To say that Emily Woolard, ’17, is a gifted student is an understatement. While at Meredith she has conducted undergraduate research within each of her three majors (psychology, biology, and public health); as a first-year student, she co-authored an article that was published in a journal; she studied abroad for five months in Copenhagen, completing a rigorous internship at an MRI research hospital; and she has developed a new protocol at the Environmental Protection Agency (EPA) where she interned and now holds as a position as a student contractor.
What is striking about Emily’s story is that unlike many other strong students, she didn’t know if she would be able to attend college. She spent winter break her senior year of high school filling out scholarship applications.
“In March, April, and May emails and letters started coming in and I realized it was going to work out,” said Emily.
Although attending Meredith was also somewhat serendipitous, it turned out to be the perfect place for her to build on her intellectual gifts. Supported by faculty mentors in each of her majors, she has explored a wide range of career and research options, both to determine exactly what her path should be, but also for the sheer love of learning.

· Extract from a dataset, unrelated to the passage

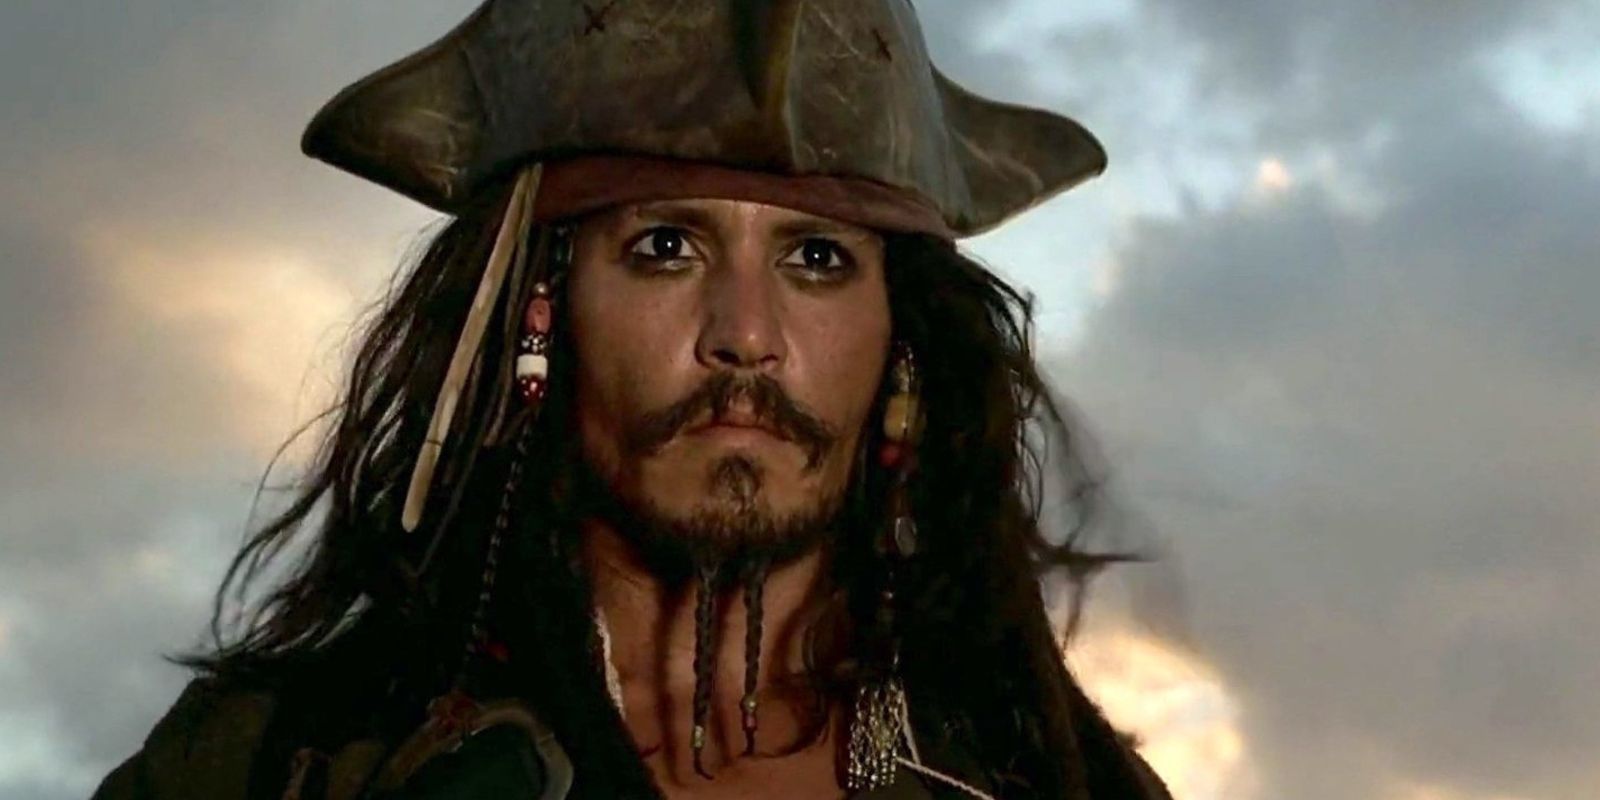 Johnny Depp is Jack Sparrow in Pirates of the Caribbean

In the latter category, she contracted a Medieval Latin course as part of a research project comparing Medieval and modern approaches to women’s health care. She became interested in the topic when she learned that medical research currently used is based on clinical trials of which 80 percent of subjects are male.
“I’m very feminist so I love this topic. The point I’m trying to make is Medieval health care was really not that different,” she said.
Every new experience has been one more opportunity for Emily to refine her goals and interests. At the EPA, working in a behavioral lab, she realized that she was drawn to a more biological approach to research. She described working on an NSF-funded program in a biophysics lab as a place where she “… learned programming skills, and was exposed to the intersection of biology and physics – it reinforced that I like the molecular levels of organisms.”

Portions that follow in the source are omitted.